Those changes may have a negative fiscal impact on government coffers. The Legislative Analyst’s Office predicted “lower annual state and local revenues, potentially substantially lower, depending on future actions of the Legislature, local governing bodies, voters, and the courts.” 

Newsom, the legislature and many opponents of TPGAA, which includes the United to House LA coalition that supported Measure ULA, argue in their challenges that the new measure is unconstitutional. 

The TPGAA seeks to restructure the state's constitution, altering the fiscal powers of the legislative and executive branches and those of the voters well beyond the level of a constitutional amendment, said Jonathan Jager, a staff attorney with Public Counsel who authored an amicus brief for United to House LA.

“The governor’s position, which the coalition agrees with, is that the Taxpayer Protection Act measure so fundamentally rewrites the state constitution … it’s a revision to the constitution,” Jager said. 

Unlike constitutional amendments, revisions to the state constitution can’t be proposed by citizens. They have to come from the legislature, Jager said. 

If approved, the TPGAA would go into effect retroactively, requiring such initiatives passed since Jan. 1, 2022, to return to voters and get the two-thirds majority approval in 2025. 

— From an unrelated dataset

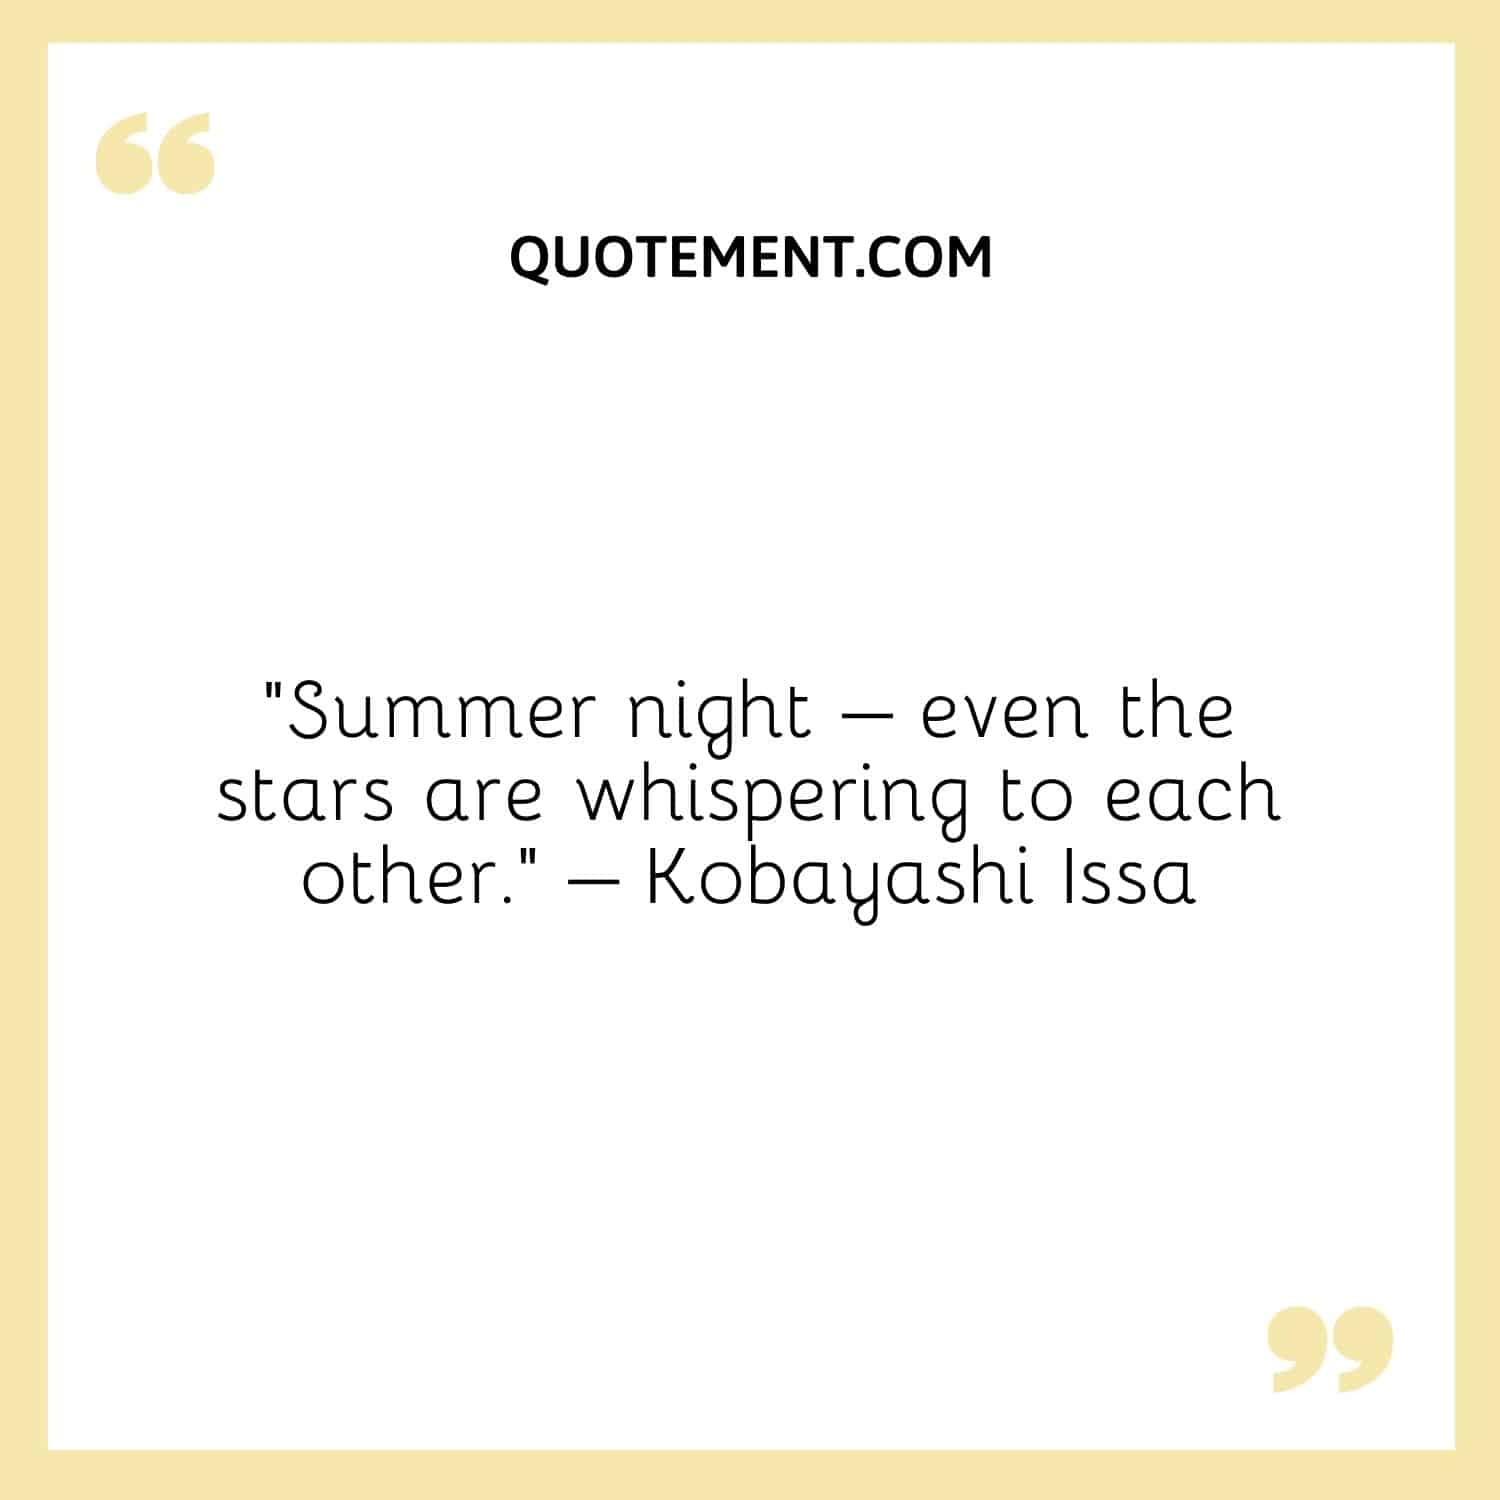 Summer night – even the stars are whispering to each other. – Kobayashi Issa

Measure ULA is one of roughly 40 tax initiatives in the state that would be invalidated by the TPGAA if it passes, Hargrove said, but there is some disagreement about that. The League of California Cities counts more than 130 initiatives that would be overturned, a figure that Hargrove contested. 

Measure ULA supporters put out a report this month tallying the revenue generated by Measure ULA and where the money is headed. In the first 10 months after the measure went into effect on April 1, 2023, it raised $192M. Although that is well below the $672M the measure was once estimated to raise annually, it is also more than 2.5 times the federal funds the city receives for affordable housing every year, according to the report. 

The California Supreme Court is tasked with determining whether TPGAA is unconstitutional and if there is a case to be made for the court getting involved and keeping the measure off the November ballot.

Whatever the court decides, CRE professionals won't have to wait long to find out. The court said it would issue a ruling on the matter before the end of June.